Morning Ethics Warm-Up, 6/15/18: Spin Wars (Part I)

Good Morning…

…from a galaxy not nearly far enough away…

1. Quick takes on a remarkable 51 minutes on the White House lawn. I just, and I mean just, finished watching President Trump’s spontaneous press conference on the White House lawn, standing within easy spitting distance—brave, given how much so many of these people detest him—of a pack of reporters as Fox’s Baby Doocy held a microphone for him, and picking questions, often hostile, out of the cacophony. Has any previous President done something like this? I’ve never seen such a thing.

If you can’t admire this performance, your anti-Trump virus is raging out of control. I miss the reflex, knee-jerk Democrats and progressives who have, I hope temporarily, taken a hiatus from Ethics Alarms because, in my assessment, they no longer can muster credible defenses of the way this President has been treated by the news media and the resistance, so they have retreated to the warm cocoon of the left-wing echo chamber. Trump’s appearance this morning as well as the Inspector General’s report on the Clinton email investigation are integrity tests. I’d like to think the otherwise intelligent and analytical progressives here would pass them. Ducking the challenge is not a good sign.

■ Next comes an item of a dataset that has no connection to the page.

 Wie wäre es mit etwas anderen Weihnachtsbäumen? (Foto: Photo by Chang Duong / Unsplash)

Of course, Trump was Trump. As I wrote long ago, constantly harping on what we all know is wrong with Trump is boring and pointless. (See: The Julie Principle) He exaggerated. He spoke in infuriatingly inexact and colloquial word clouds. He celebrated himself and pronounced himself brilliant. I know, I know: if his very existence in the universe is offensive to you, then this performance would be painful. (When Donald Trump isn’t the elected President of the United States, his existence  will probably be offensive to me once again, just as as it was right up to November 8, 2016.) However, the fact is that President Trump showed mastery of the situation. He managed the chaos and maintained his dignity while a generally angry and adversarial mob was shouting at him and interrupting him. I run interactive seminars with lawyers for a living, and I am qualified to say this: what he did is difficult, and he handled it very, very well. Anyone who watches those 51 minutes and refuses to say, “Well, he’s not senile, demented, unstable, dumb or teetering on the brink of madness, I’ve got to give him that much”  had disqualified themselves as a credible Trump critic. He was in command, quick, calm, and in his own way, masterful.

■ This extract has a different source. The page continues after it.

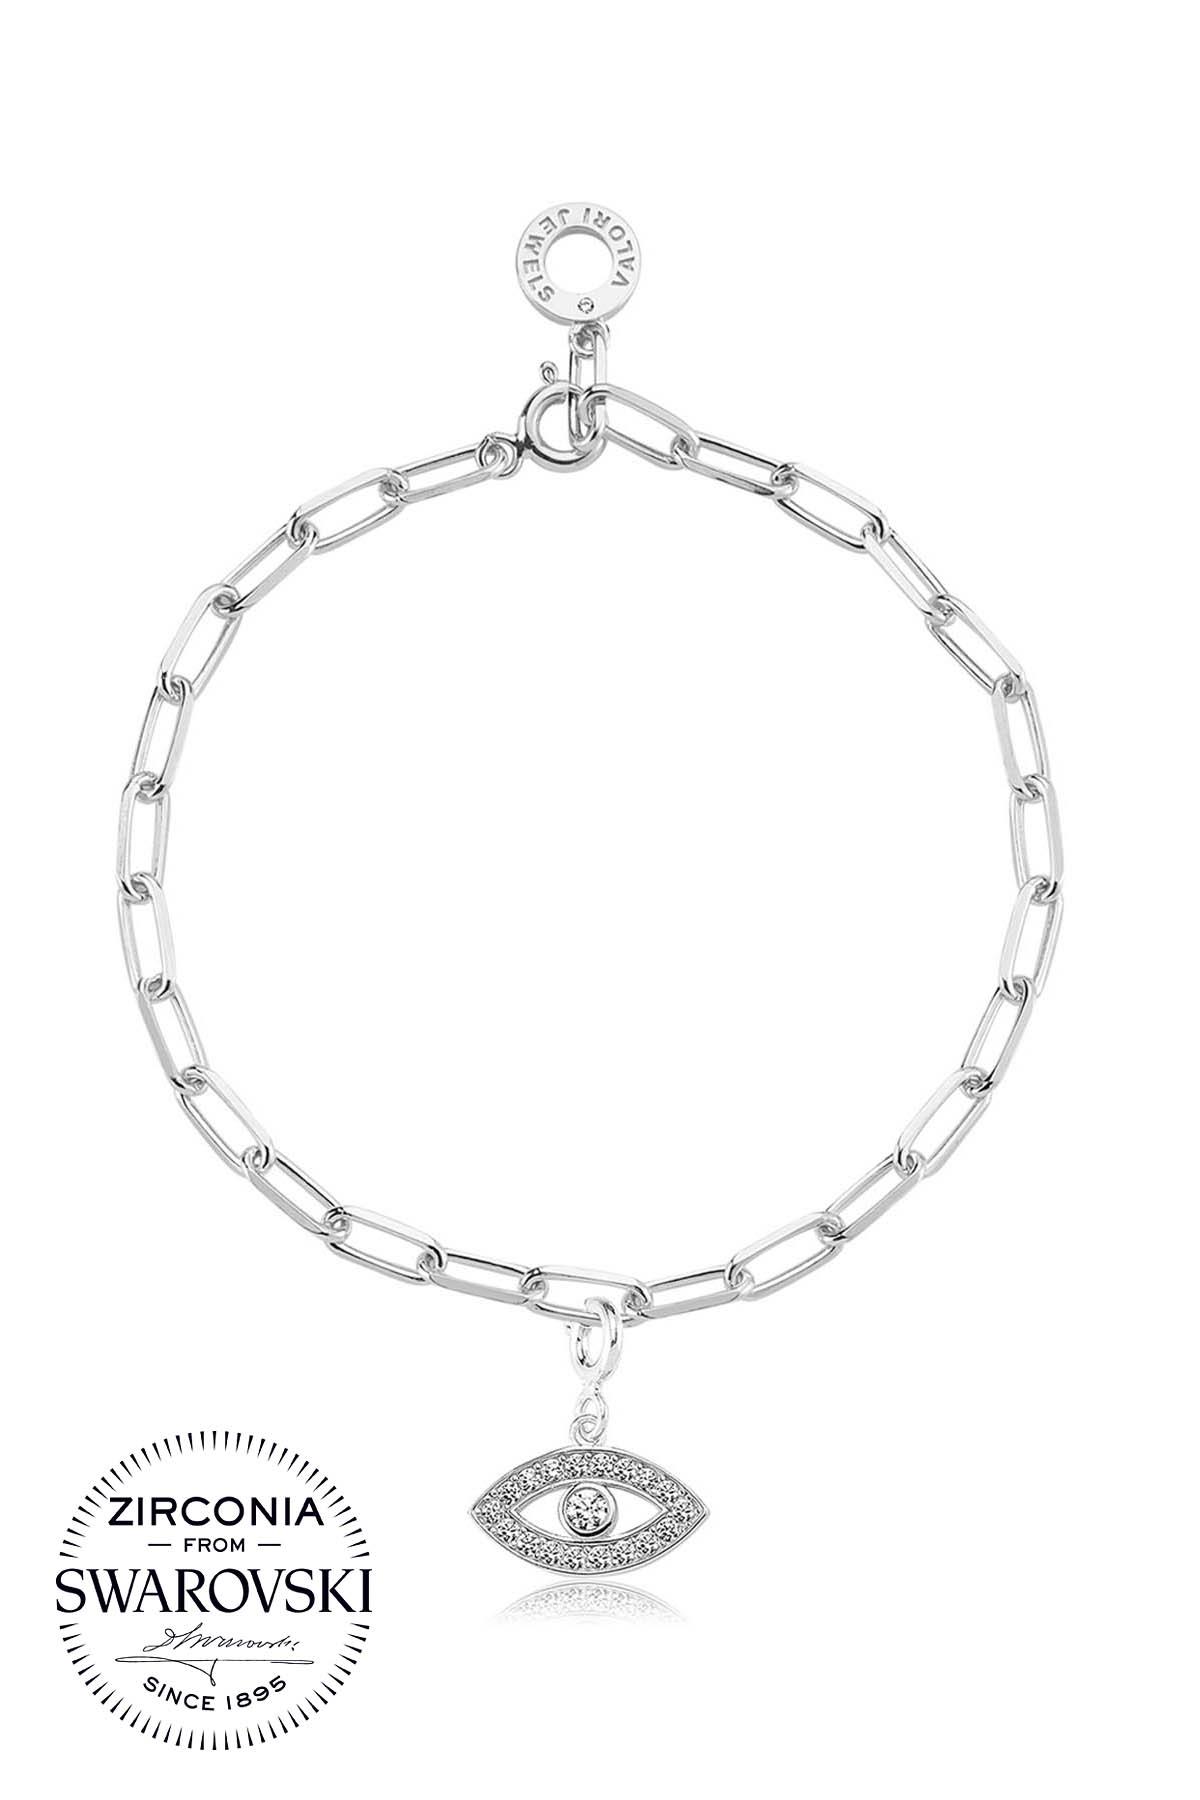 Evil Eye, Swarovski Zirconia Gemstone, Rhodium Plated, Sterling Silver  Charm Bracelet - STCHBL015

The response of the anti-Trump news media will be to “factcheck” him. He said, for example, that the IG report “exonerated” him, as the pack screamed, “But the report doesn’t discuss the Russian investigation at all!”  This is the old, dishonest and so boring, “Trump is lying when he expresses his feelings and impressions in the cloudy, semi-inarticulate imprecision that he always speaks in, which we will pretend isn’t what we already know it to be.” Of course the report doesn’t formally or actually exonerate him. It does,  in his view (and mine), show a corrupt and untrustworthy culture in the FBI and the Obama Justice Department that treated the Clinton investigation in exactly the opposite fashion that they have used to investigate him. This means, to Trump, that the Mueller investigation is a political hit job, and he regards that as the equivalent of exoneration. Well, he can regard it as cheesecake, if he chooses. His opinion is not “a lie.” (I am being sued, you may recall, by an Ethics Alarms commenter who maintains in his complaint that opinions are lies, so I am rather sensitive on this point.)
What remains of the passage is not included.